__DATA SECTION__:
BEGIN

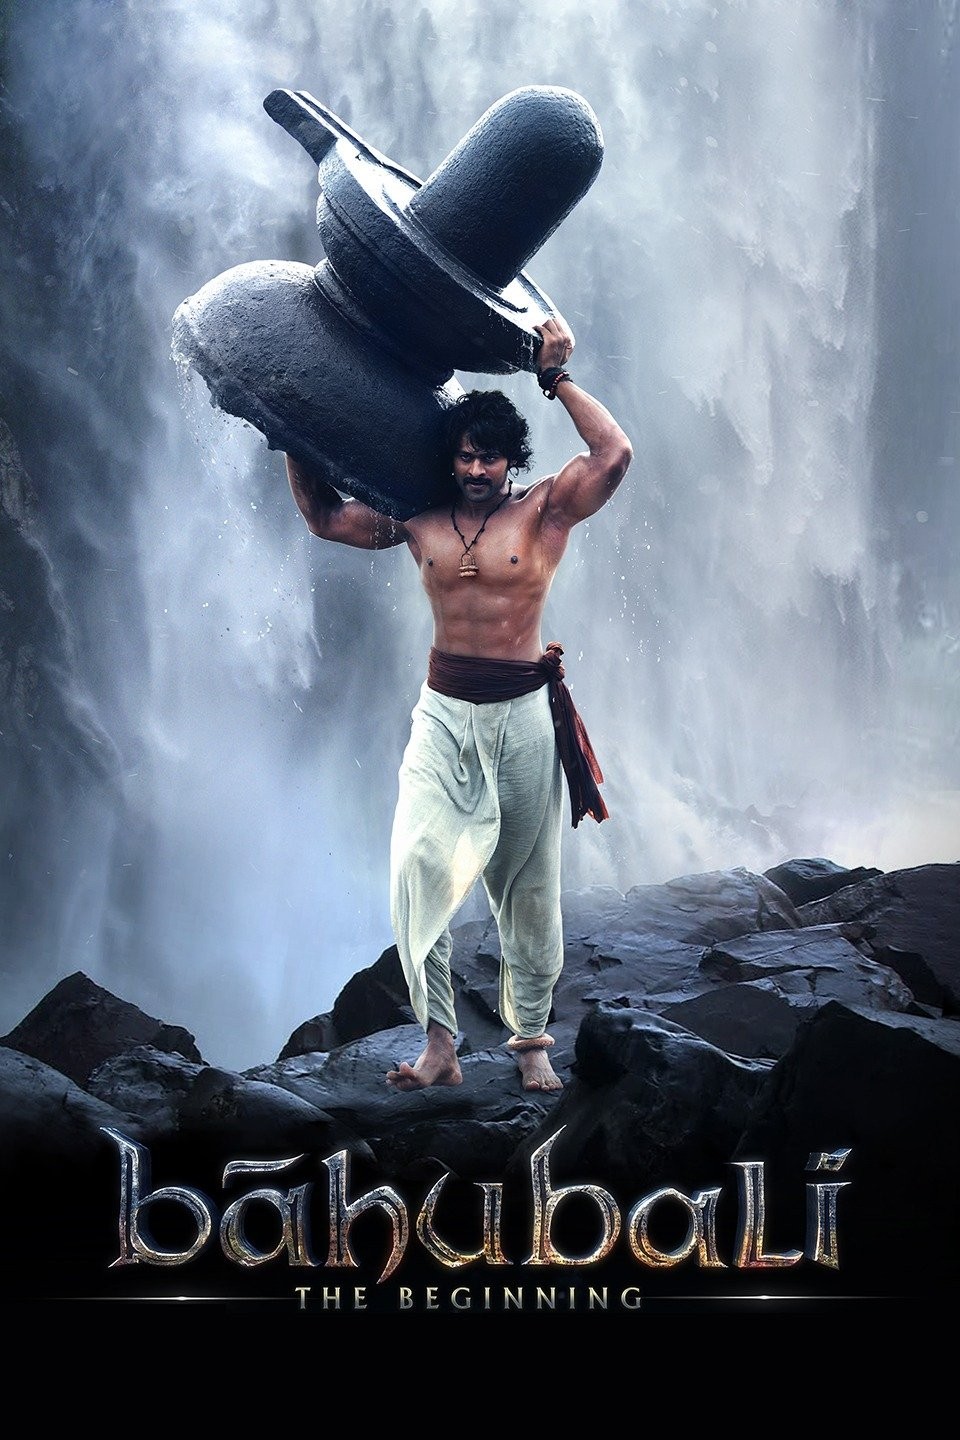 ‘baahubali: the beginning’ review: a giddy spectacle, if somewhat uneven
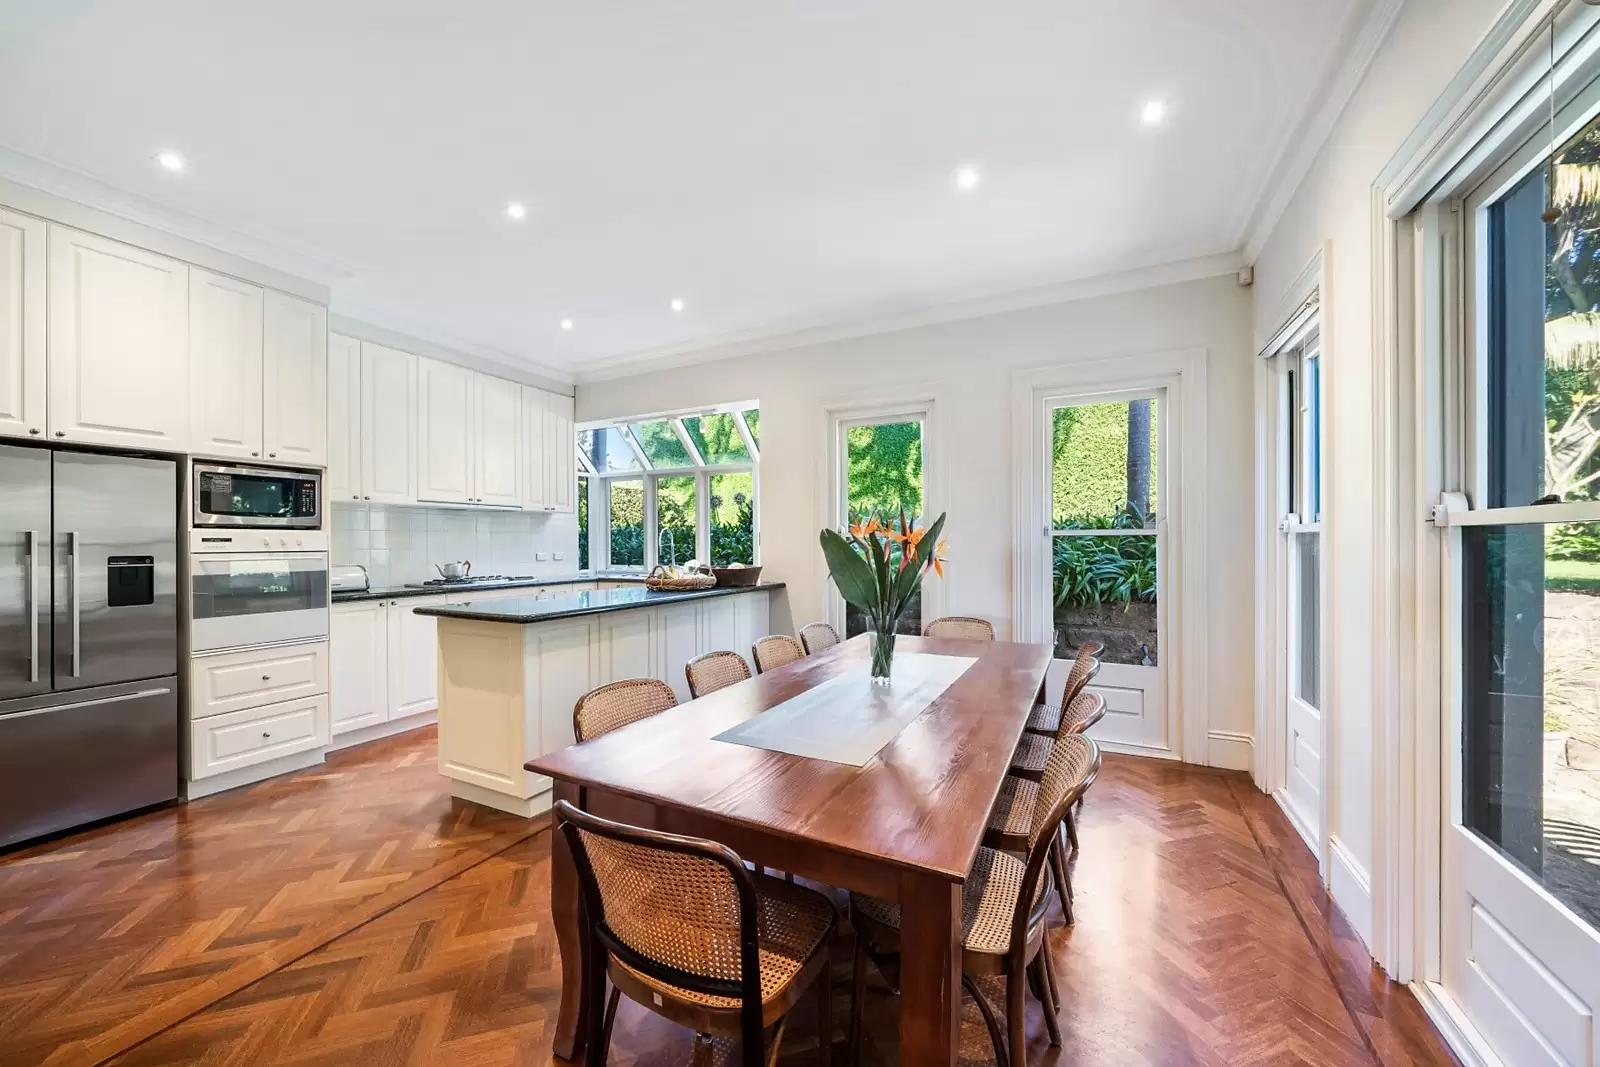 Photo #21: 33 Olphert Avenue, Vaucluse - Sold by Sydney Sotheby's International Realty
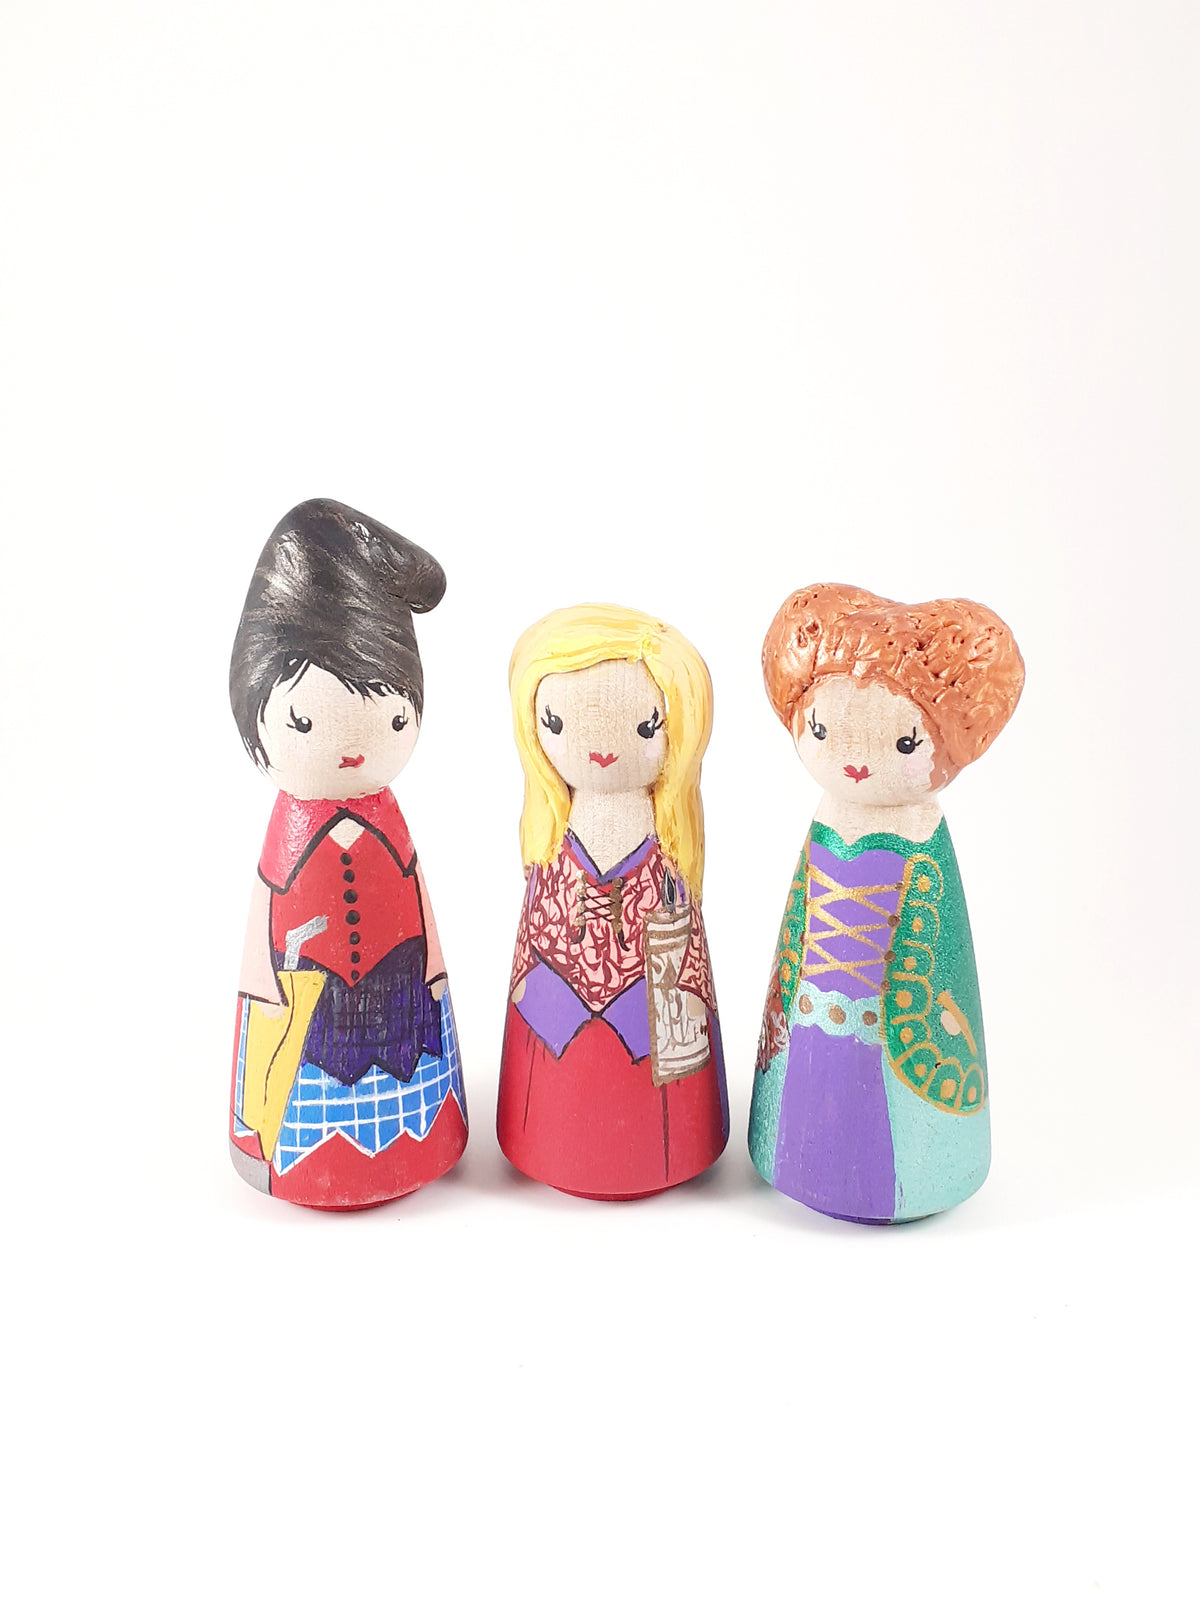 Custom peg doll with clay elements

END

__TASK GOAL__: The result should be every line of the data, reproduced exactly, with the images removed.

__ANSWER__:
 ‘baahubali: the beginning’ review: a giddy spectacle, if somewhat uneven
 Photo #21: 33 Olphert Avenue, Vaucluse - Sold by Sydney Sotheby's International Realty
 Custom peg doll with clay elements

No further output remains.